There were a few too many second-tier stories here compared to The Orange Fish, but several gems; and I always appreciate Shields’s wordplay and insider’s satire on being an academic and/or a writer.

My original rating (c. 2008):

My rating now:

 

Bonus

Shields’s final short story, “Segue,” is printed first in the Collected Stories. Dutiful Marcie read it first, whereas I saved it for last to try to preserve a sense of chronological order.
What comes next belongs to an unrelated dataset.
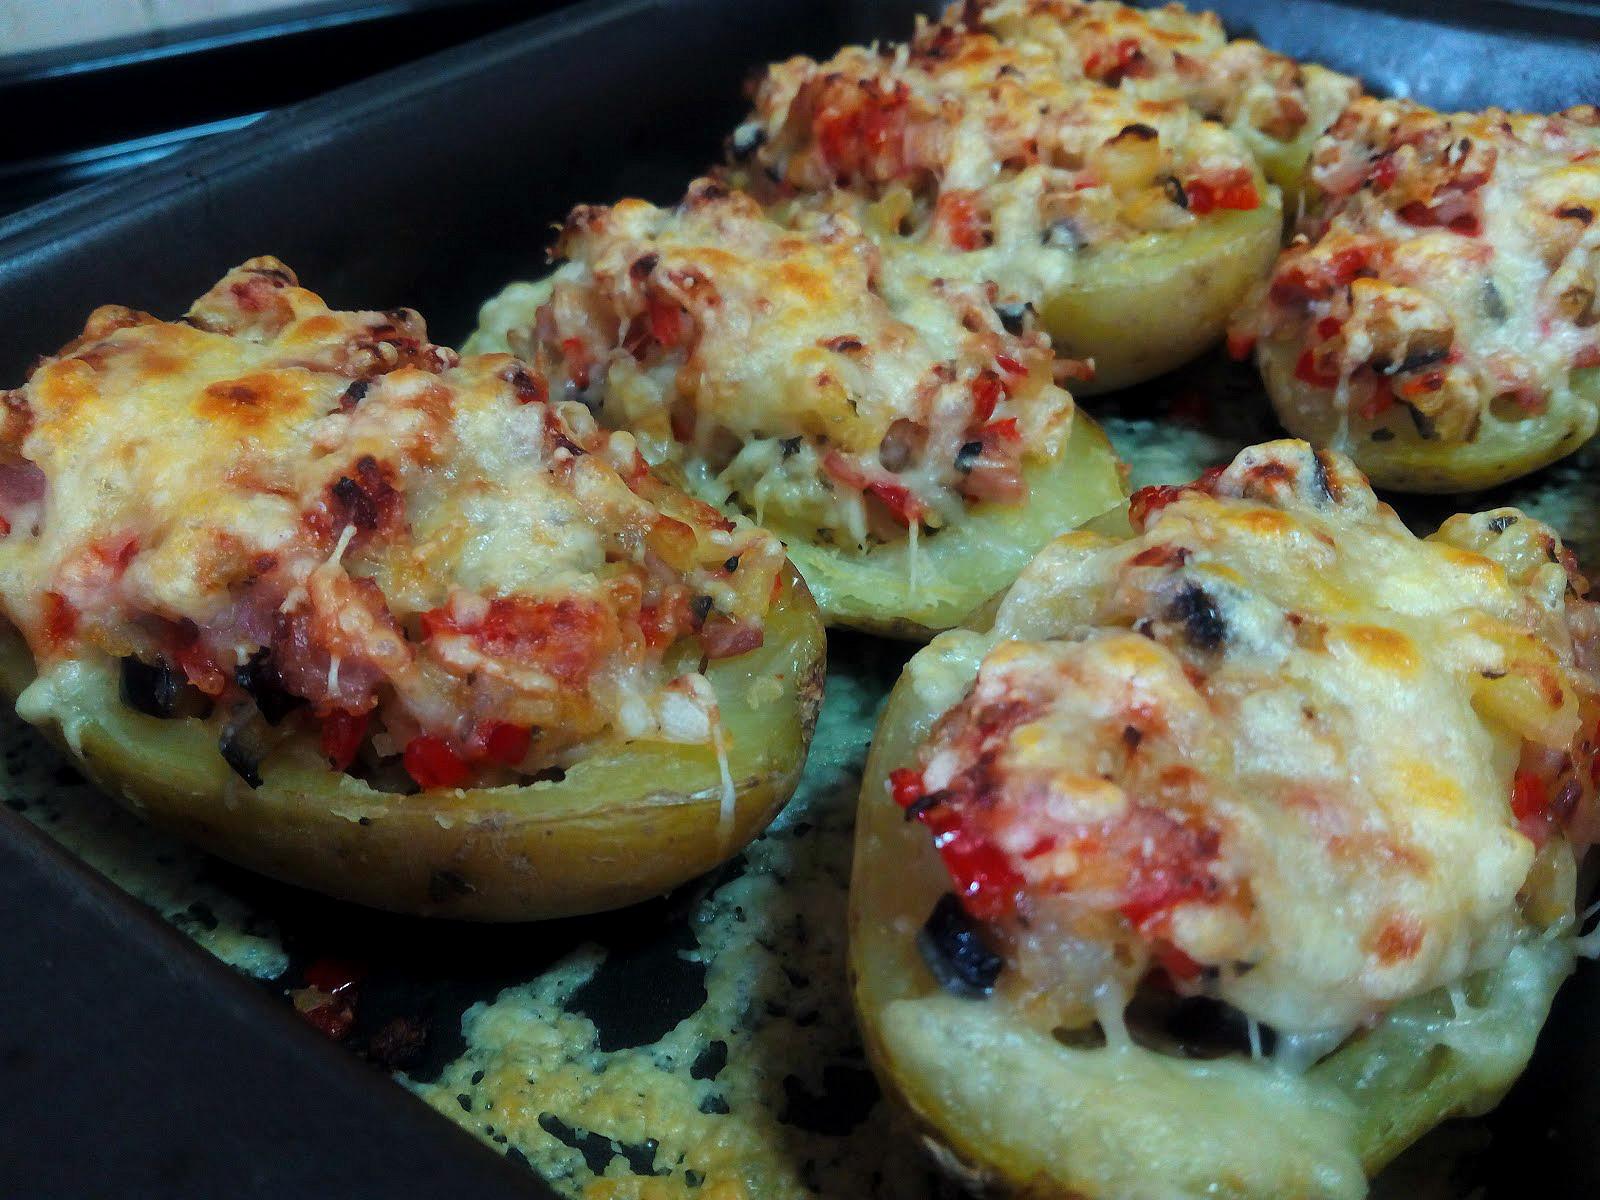 Recetas f ciles con patatas anna recetas f ciles - Rectas de cocina faciles ...

Max Sexton writes novels, the latest of which sounds exactly like The Corrections – a 2001 publication, and Shields also references 9/11. Jane Sexton, the narrator, writes sonnets (“little sounds”) and thinks about ageing, routine, and the transmutation of life into art. A sonnet typically involves a “turn,” which I suppose is the origin of the title. Coming to the end of her life, did Shields think of herself primarily as a poet? This line did strike me as autobiographical: “Forget you are a sixty-seven-year-old woman with a girlish white pageboy.” The Oak Park, Illinois setting inevitably reminded me of Hemingway, but Shields, too, was from Chicago. The final line captures the bittersweet nature of so much of her work: “if it weren’t for my particular circumstances I would be happy.”

 

Rereading Shields is a habit I plan to keep up. For my next reread, I fancy Mary Swann.